Dati rilevanti per il dimensionamento del canale di ventilazione sono:

• pendenza della falda:
• lunghezza della falda o del canale di ventilazione;
• differenza di temperatura tra interno ed esterno del canale di ventilazione;
• umidità;
• vento.

IL CANALE DI VENTILAZIONE
L’efficacia della ventilazione dipende dalla
velocità del flusso d’aria all’interno del canale di ventilazione.
La corrente d’aria infatti si muove:
a) per differenza di pressione originata dal vento tra le aperture di entrata e di uscita;
b) per differenza di temperatura dell’aria tra interno ed esterno del canale di ventilazione.

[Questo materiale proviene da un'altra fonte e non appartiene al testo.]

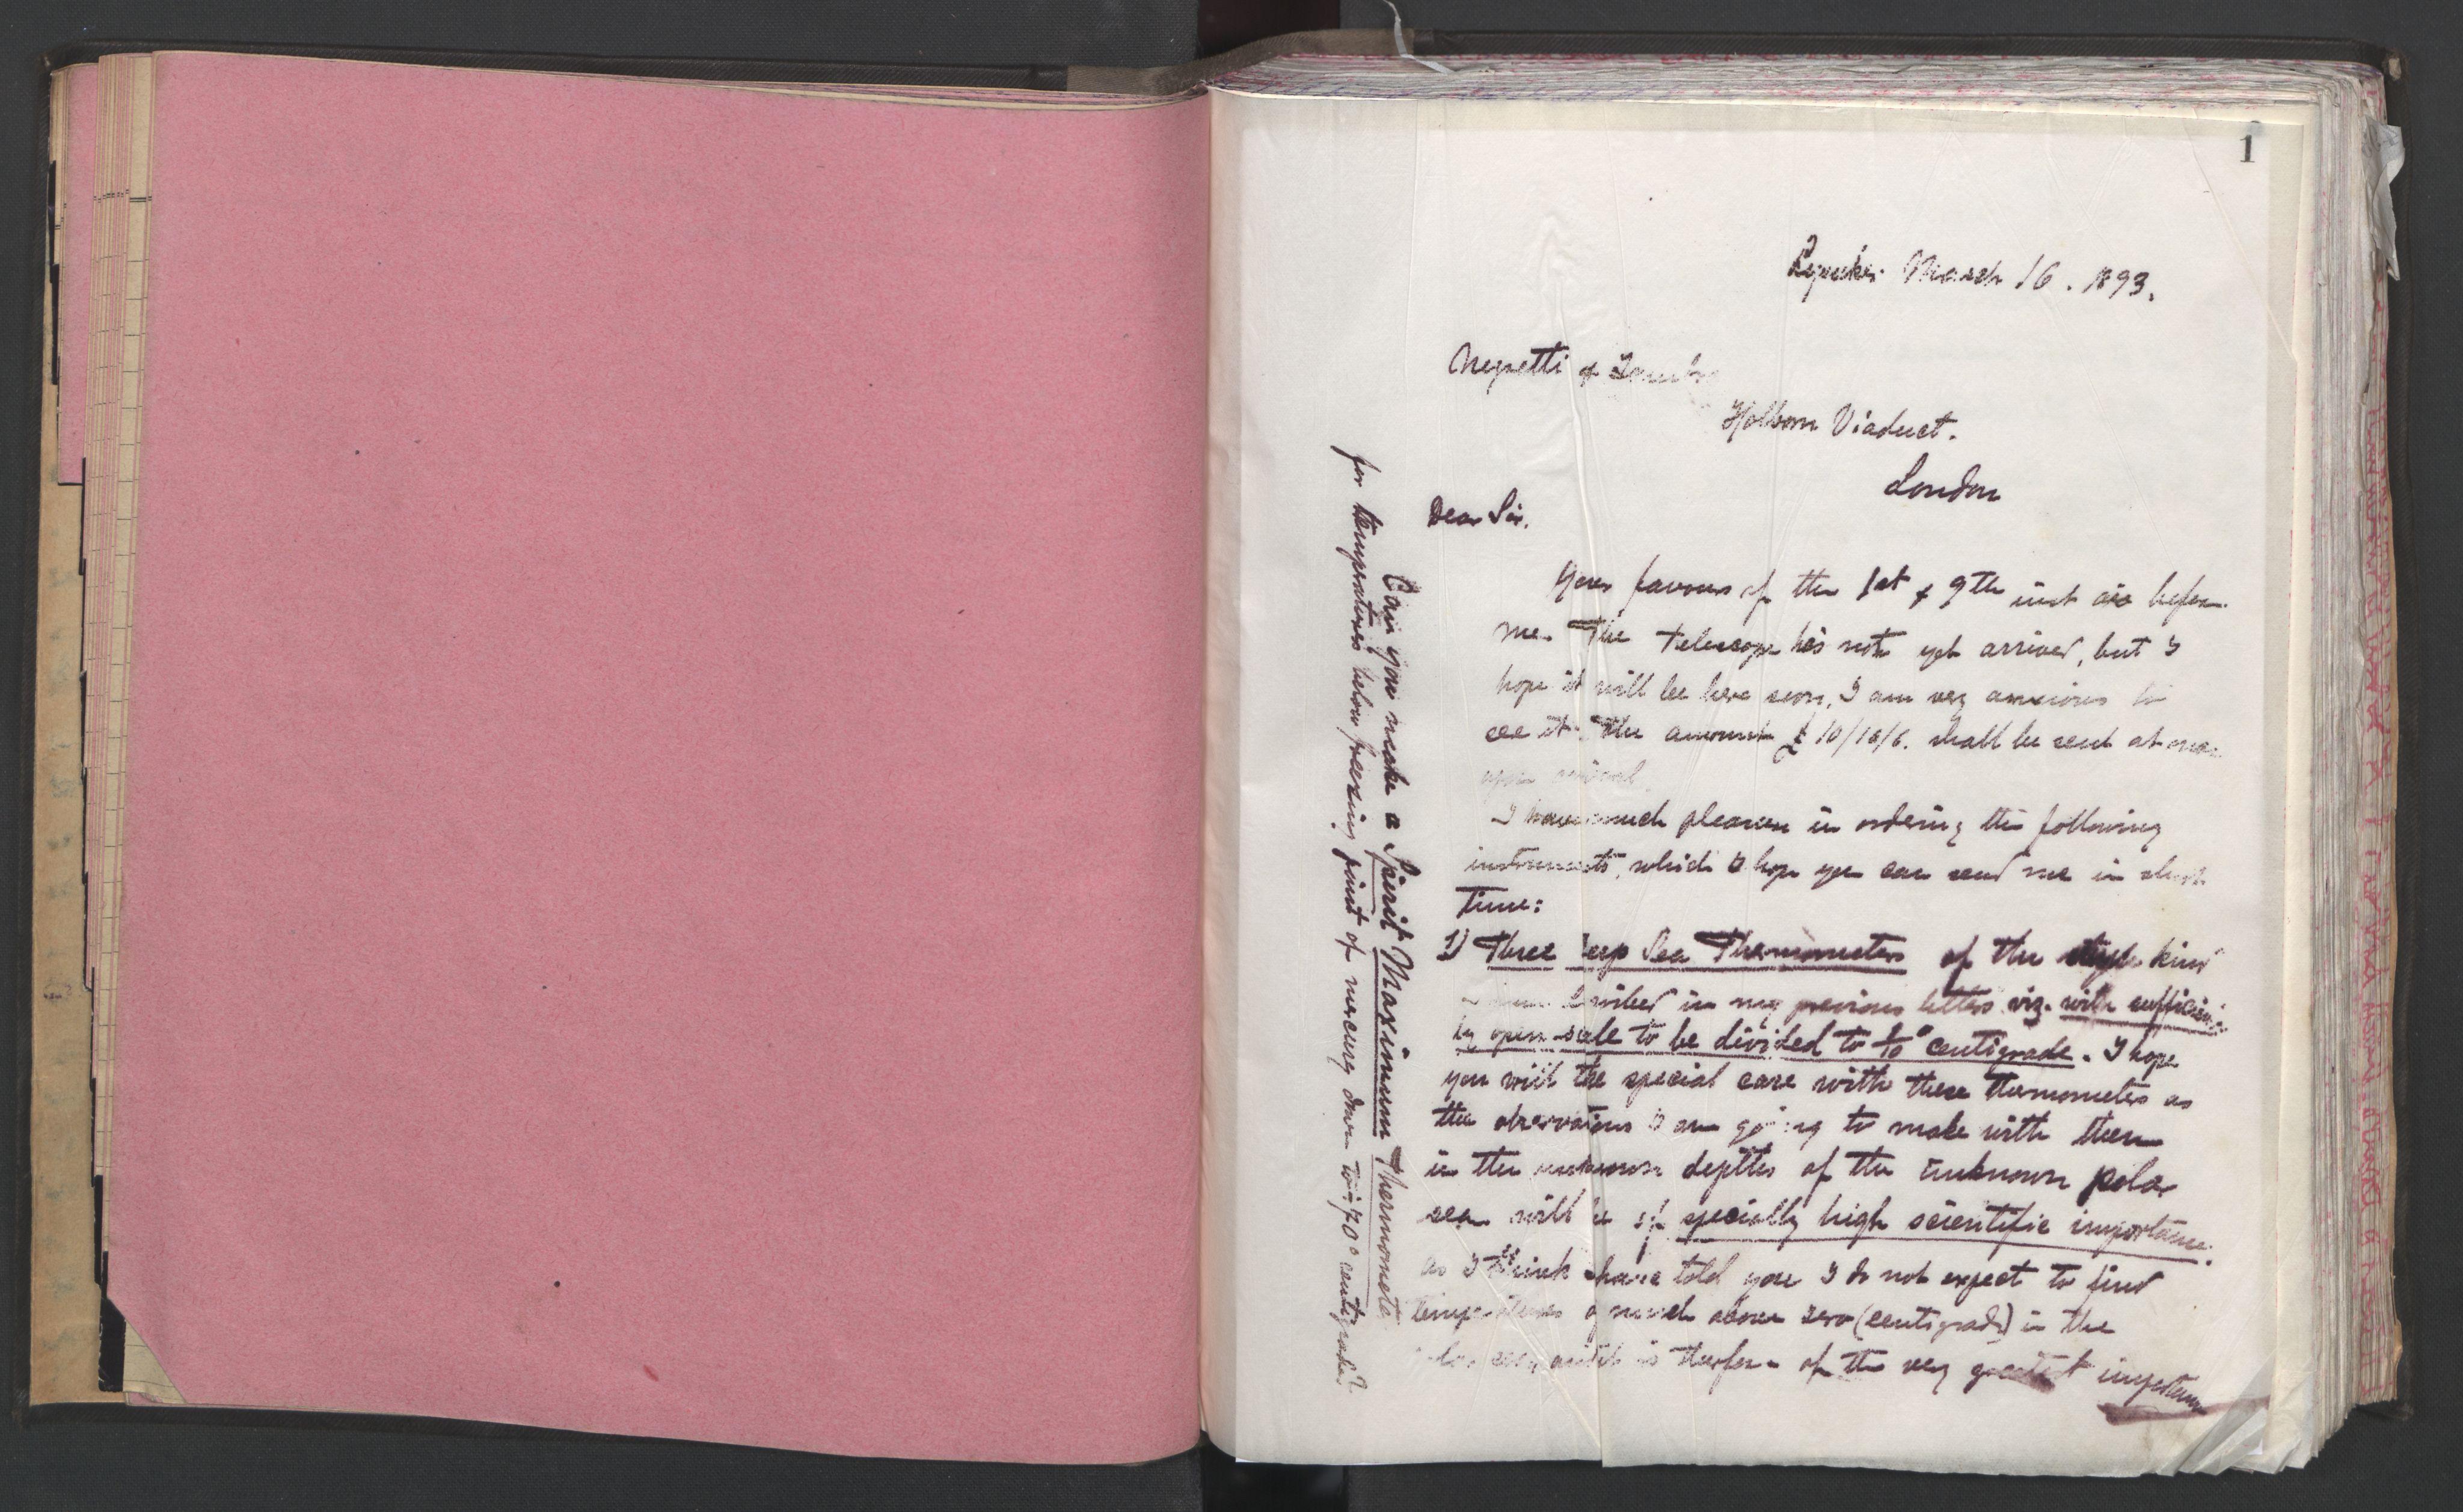 RA, Arbeidskomitéen for Fridtjof Nansens polarekspedisjon, D/L0002: 2 kopibøker - Forberedelser og utrustning, 1893, s. 1

PIÙ IL TETTO INCLINATO, MAGGIORE SARÀ LA VELOCITÀ DELL’ARIA

L’isolamento viene fatto per contribuire alla resistenza termica globale della copertura, ossia offrire resistenza all’attraversamento di calore in modo da ridurre le dispersioni di energia. La corrente termica si muove sempre nella direzione del gradiente di temperatura ovvero dagli ambienti più caldi verso quelli più freddi, con un’intensità proporzionale alla differenza di temperatura e alle caratteristiche del mezzo che attraversa.
Ciò significa che ogni volta che in un’abitazione la temperatura all’interno di 20°C mentre all’esterno è inferiore, l’aria calda tenderà a fuoriuscire se non viene interposto uno strato isolante. Lo stesso fenomeno avviene in estate: se consideriamo che la temperatura interna ideale possa essere di 25°C, ogni volta che la temperatura esterna è superiore il calore tende a penetrare se non viene interposto uno strato isolante.

Periodo invernale

  • Limitare la fuoriuscita di calore dagli ambienti riscaldati;
  • Risparmiare energia (riscaldamento).

Periodo estivo

  • Limitare l’ingresso del calore dovuto all’irraggiamento solare;
  • Risparmiare energia (condizionamento).

Importante: il 20% del calore si disperde attraverso la copertura.
L’isolamento accresce il valore dell’abitazione: rende abitabile il sottotetto garantendone la durata nel tempo.

DOVE POSIZIONARE L’ISOLANTE?

Fondamentale è che venga posizionato sempre al di sotto dello strato di ventilazione (sia ventilazione sottomanto che sottotetto). In caso contrario la circolazione dell’aria renderà nullo l’effetto termo-isolante.
Lo strato di coibentazione non deve presentare punti di discontinuità al fine di evitare ponti termici (punti sui quali si concentrano i problemi tipici delle patologie da condensa).
Deve essere posato con continuità su tutta la superficie.